A Foolproof Guide to Infinity In Python

We often encounter and have to deal with infinity in many real-world scenarios, and so we need a way to represent them in programming languages.
In this tutorial, we’ll learn how to represent and work with infinity in Python.

 

 

What is Infinity?

Before diving into the programming know-how of working with infinity, let us first understand what infinity is, by formally defining it

There are dozens of definitions of infinity depending on its usage in different contexts and domains. We’ll focus on the ones that are used in mathematics and computing.
Infinity is defined as a large, ‘undefined’ number that is bigger than any real number.
It exists on both ends of the number line, and hence we have both positive and negative infinities.
Infinity is denoted using the symbol ∞.

In Computer Science, it is also defined as a result of an ‘undefined operation’ such as division by zero. In programming, infinity is used to define an absolute max/min value in algorithms defined for optimizations.

 

How to Write Infinity using float?

We can declare infinity as a floating-point number, by passing the string value ‘inf’ or ‘infinity’ to the method float.

a = float("inf")
print(f"value of a = {a}")
print(f"type of a = {type(a)}")

Output:

As we discussed, there also exists ‘negative infinity’. We can declare the same by passing ‘-inf’, or by creating positive infinity, and prefixing it with ‘-‘ sign.

b = float("-inf")
print(f"value of b = {b}")
print(f"value of -float('inf') = {-float('inf')}")

Output:

Note that the string that we pass to the float method is case-independent. So passing “INF” or “inFINIty” would also be correctly evaluated to inf.

 

Why the infinity is float type?

You must be wondering why the infinity is not int type, and if it’s an undefined number how does its datatype matter?

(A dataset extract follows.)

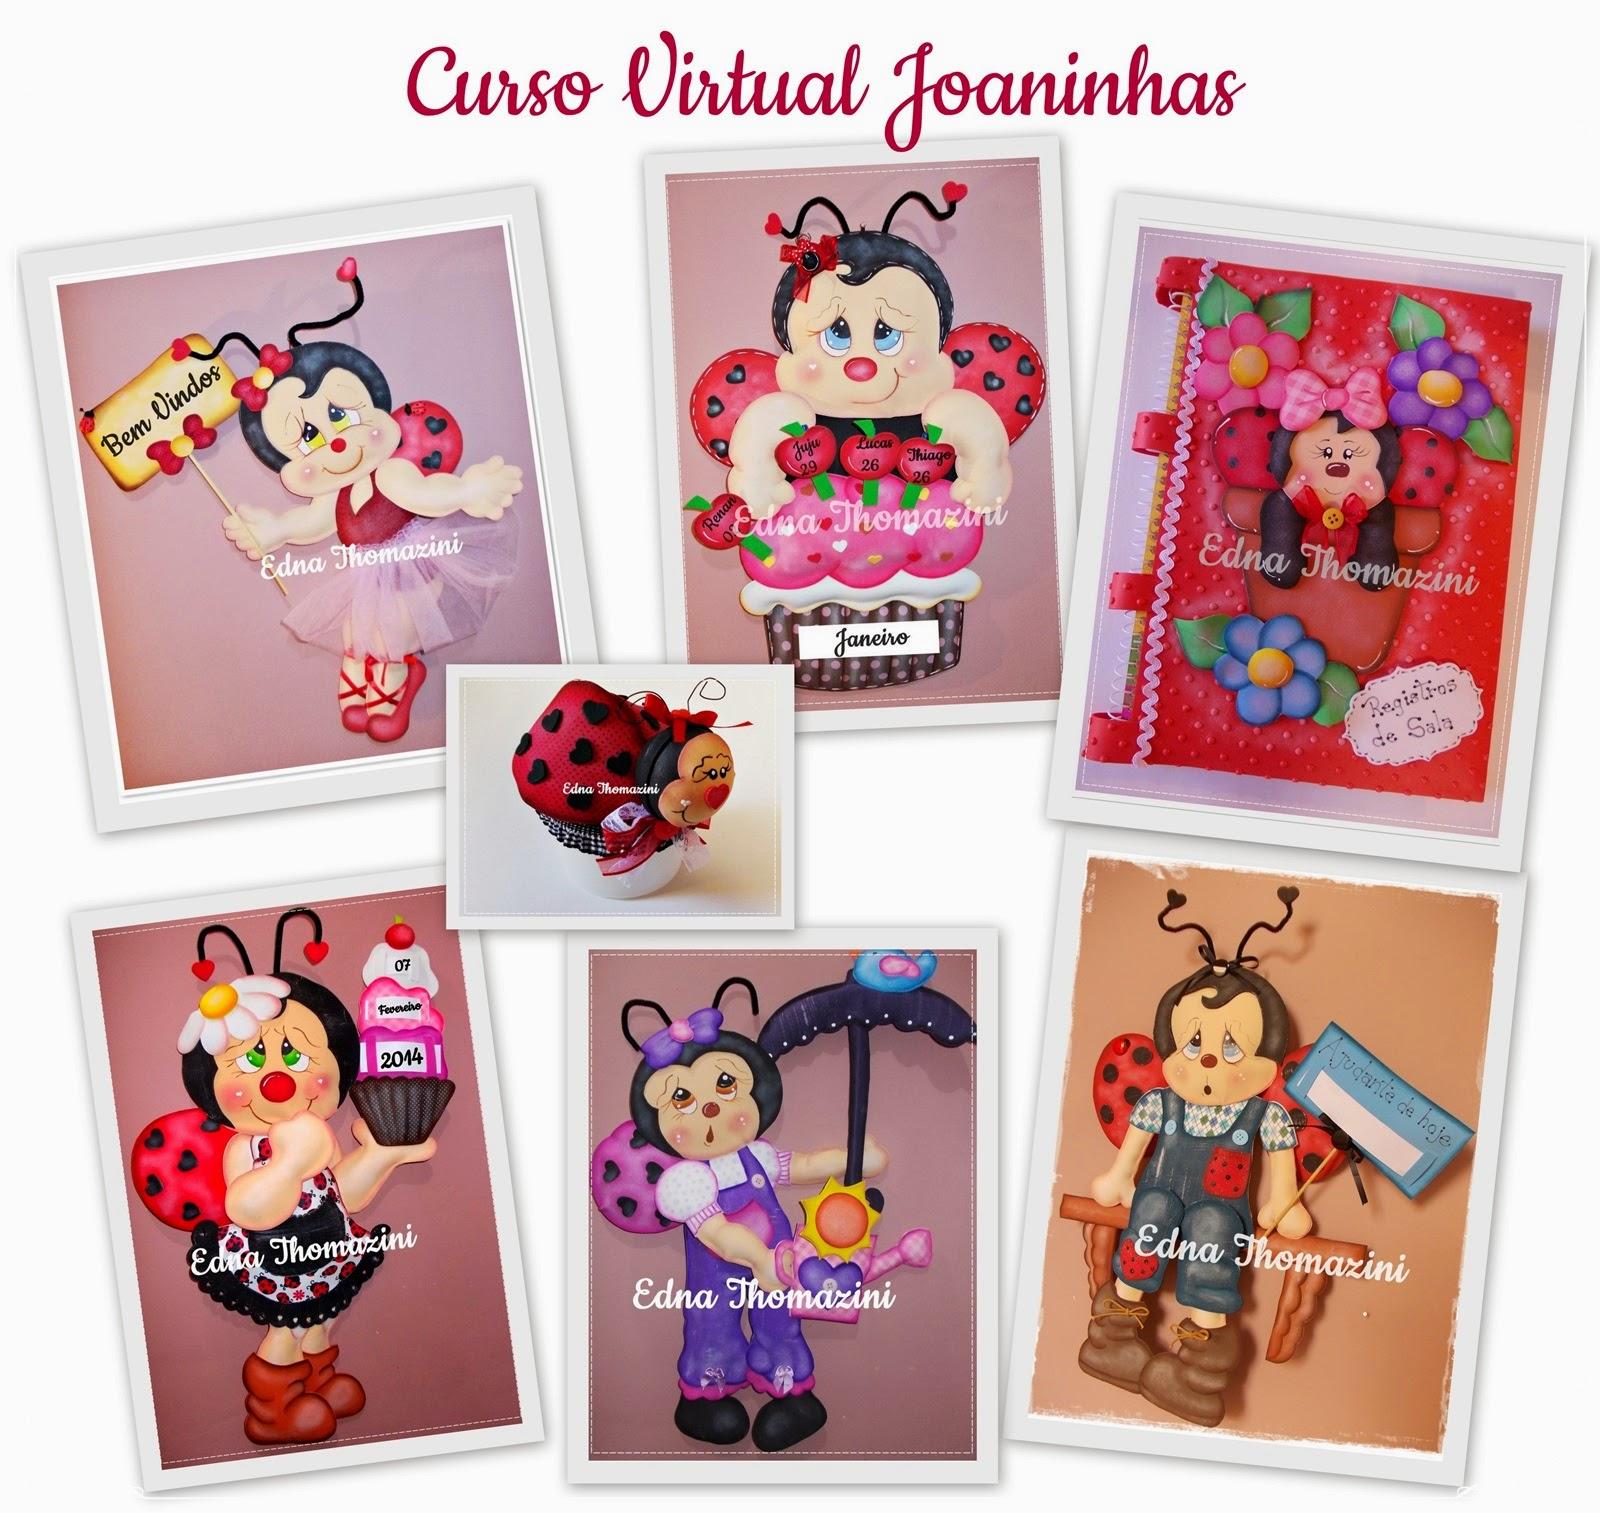 Curso Virtual Joaninhas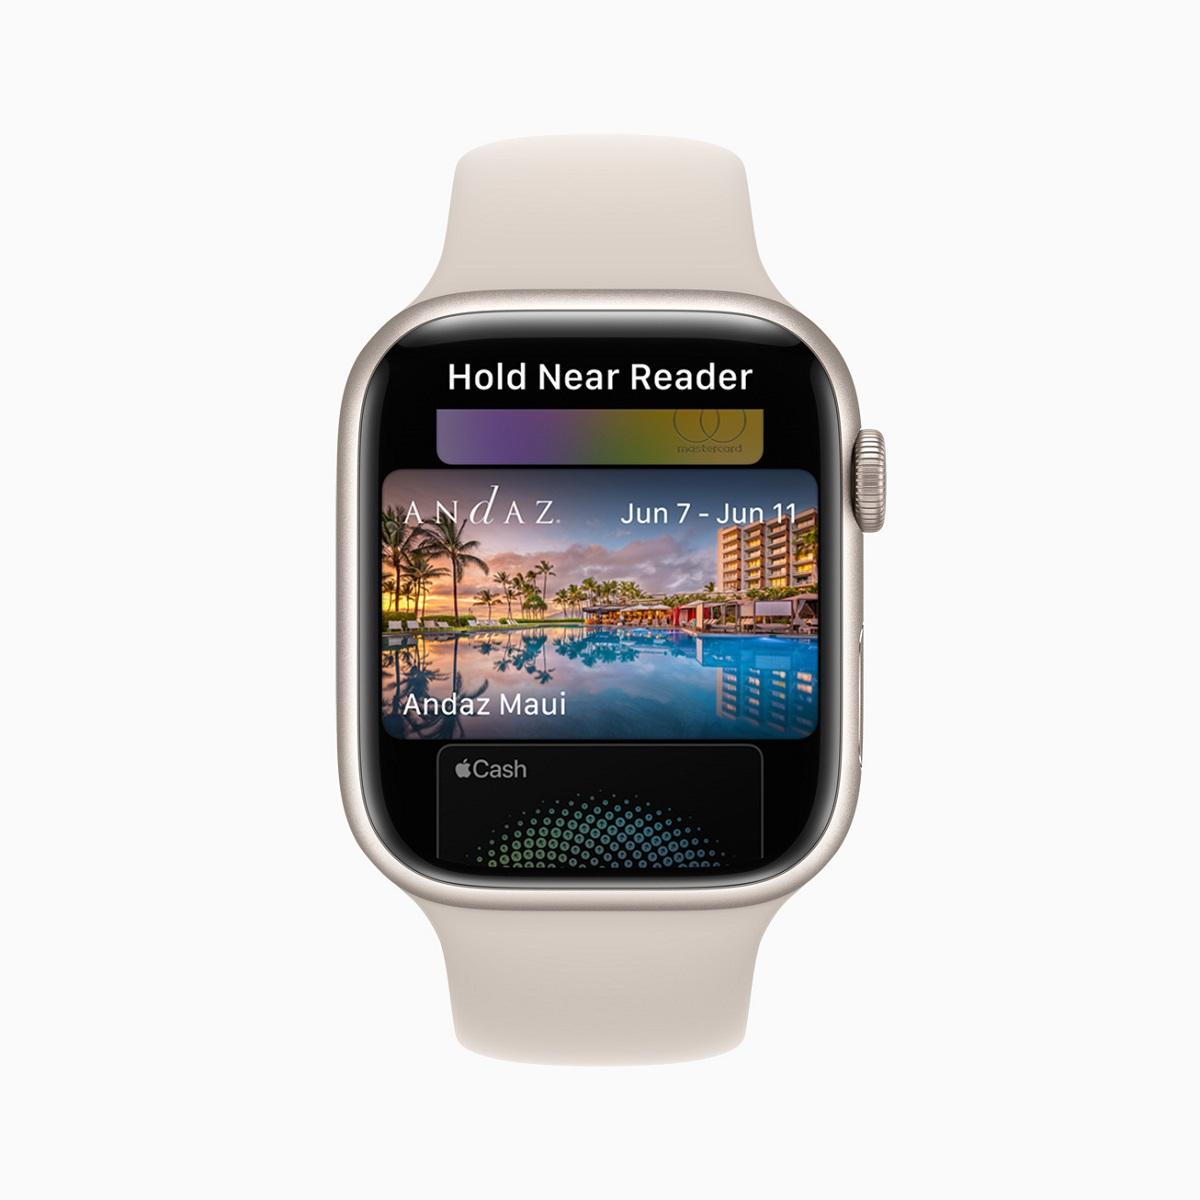 Владельцы Apple Watch могут добавить ключи от гостиничного номера в Wallet и нажать на часы, чтобы разблокировать их.

The answer lies in the way the numbers are represented in Python.
An integer number is represented using its binary representation, for eg. 5 is represented as 0101.
The floating-point numbers, on the other hand, are represented using 3 components – sign, mantissa, and exponent. This is as per the IEEE 754 standard for storing floating-point numbers.

The IEEE 754 standard reserves some values to represent special numbers. One of these special numbers is infinity.
According to this standard, a floating-point number represents an infinity when all the bits in the exponent part are 1, and all the bits in the mantissa part are 0.
Additionally, if the sign bit is 0, it is positive infinity, while a 1 in the sign bit denotes a negative infinity.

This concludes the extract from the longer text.